The launch of the Police Misconduct Database comes one year after Gov. Tom Wolf signed the legislation into law. The legislation was championed and spearheaded by Attorney General Josh Shapiro after the 2020 murder of George Floyd, though the roots go back to the 2018 police shooting of Antwon Rose II.

“Police and community agree that officers with a pattern of misconduct do not make our community safer,” Shapiro said Wednesday at a news conference in his office in Pittsburgh’s Strip District. “They should not be allowed to go from department to department, and misconduct records need to follow those officers.”

The legislation requires all departments to participate in the database and input information on performance and disciplinary actions for each officer. Department heads must consult the database as part of a required background check when hiring.

“When I got this call (from Shapiro) a year-and-a-half ago, being Antwon’s mom, of course, I was leery,” said Michelle Kenney, whose son was shot and killed by a suburban Pittsburgh police officer in 2018. “I’m sure the public is leery as well.”

Michael Rosfeld, the former police officer who shot Rose, had just started work at the now-disbanded East Pittsburgh police department at the time of the shooting. He had been a University of Pittsburgh police officer from October 2012 through January 2018.

Questions arose in the aftermath of the shooting regarding Rosfeld’s reasons for leaving Pitt. Officially, he resigned, but it was only after he was suspended and presented with notice of his termination.

“I know the public is going to say, ‘Oh, it’s only a database, we still have work to do,’ ” Kenney said. “That is so true. But to get this database in the state of Pennsylvania — we have to admit it is groundbreaking.”

Pittsburgh police Chief Scott Schubert called the database long overdue.

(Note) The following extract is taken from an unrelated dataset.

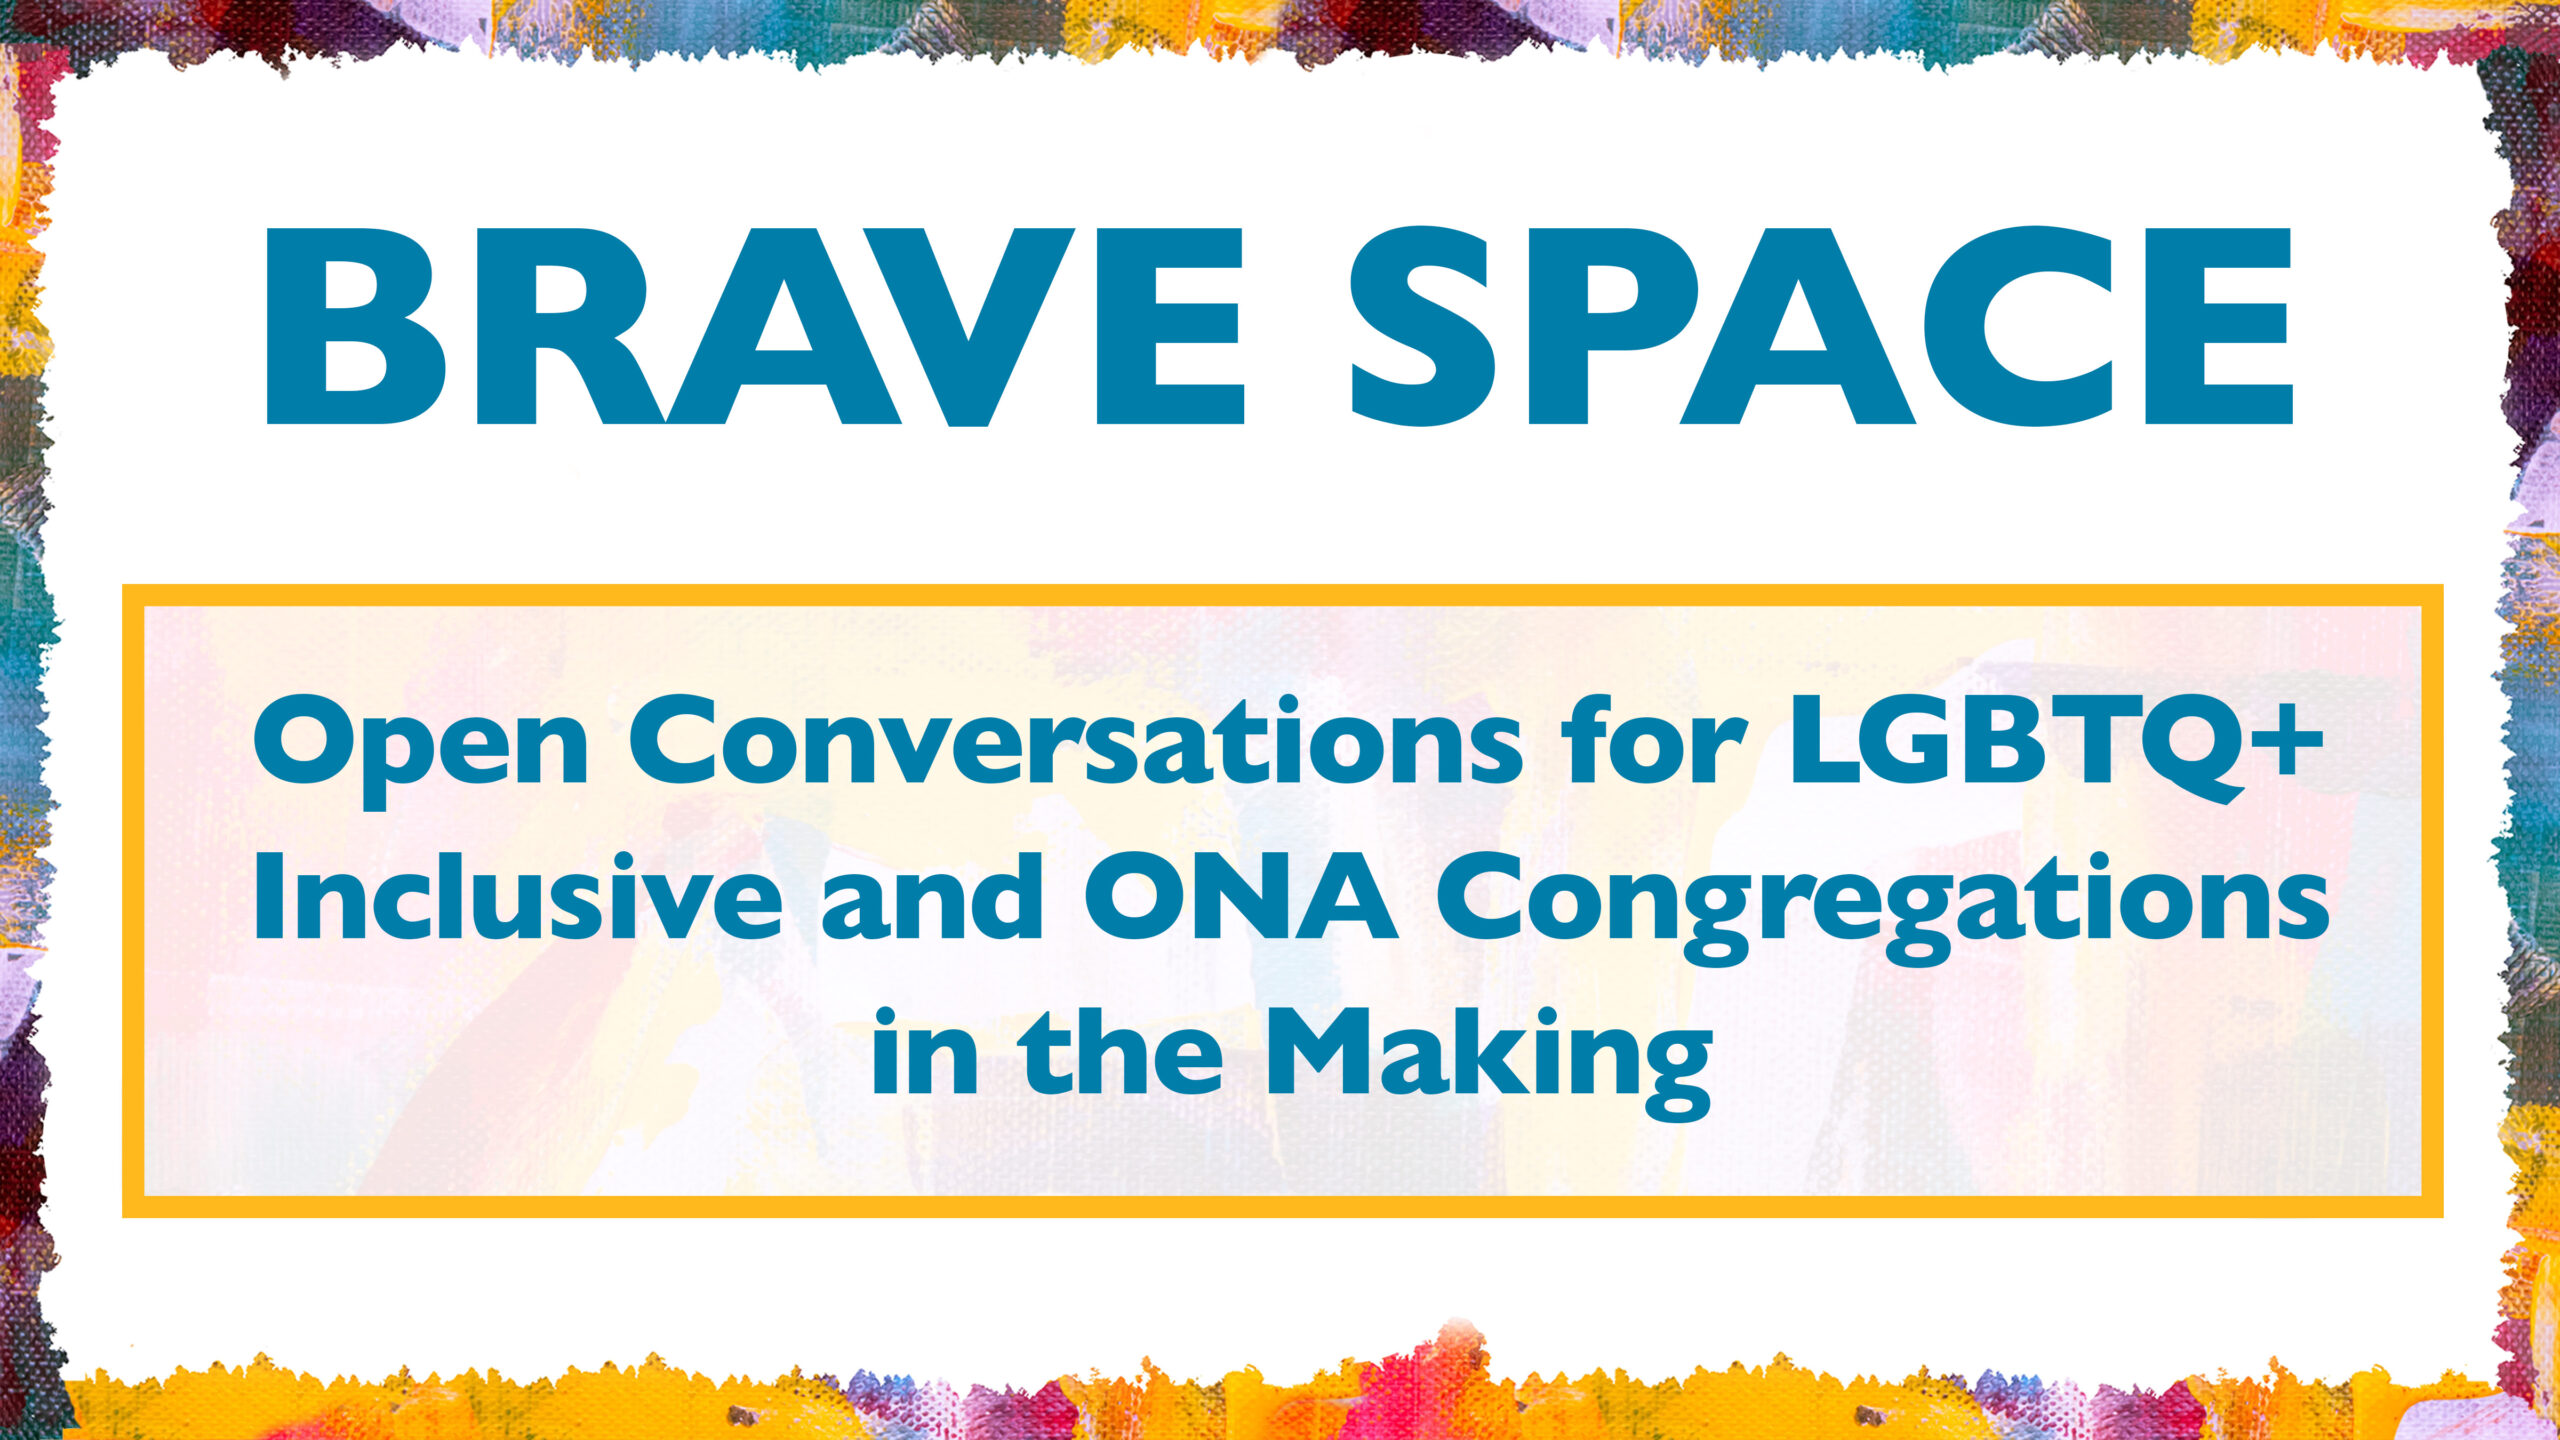 Brave Space: Open Conversations for LGBTQ+ Inclusive and ONA Congregations in the Making

“There’s no chief that’s frustrated more than when somebody retires before you can terminate them,” he said. “The lack of being able to share information with other police departments for fear of liability — this takes that all off the table.”

The database is not public — it is available only to law enforcement agencies. Shapiro said the transparency comes from the public knowing that decision-makers are required to review officers’ records before hiring them.

Kenney agreed.

“We will no longer have to worry about an officer being relocated to your neighborhood when you know he took a life in the neighborhood next to yours,” she said.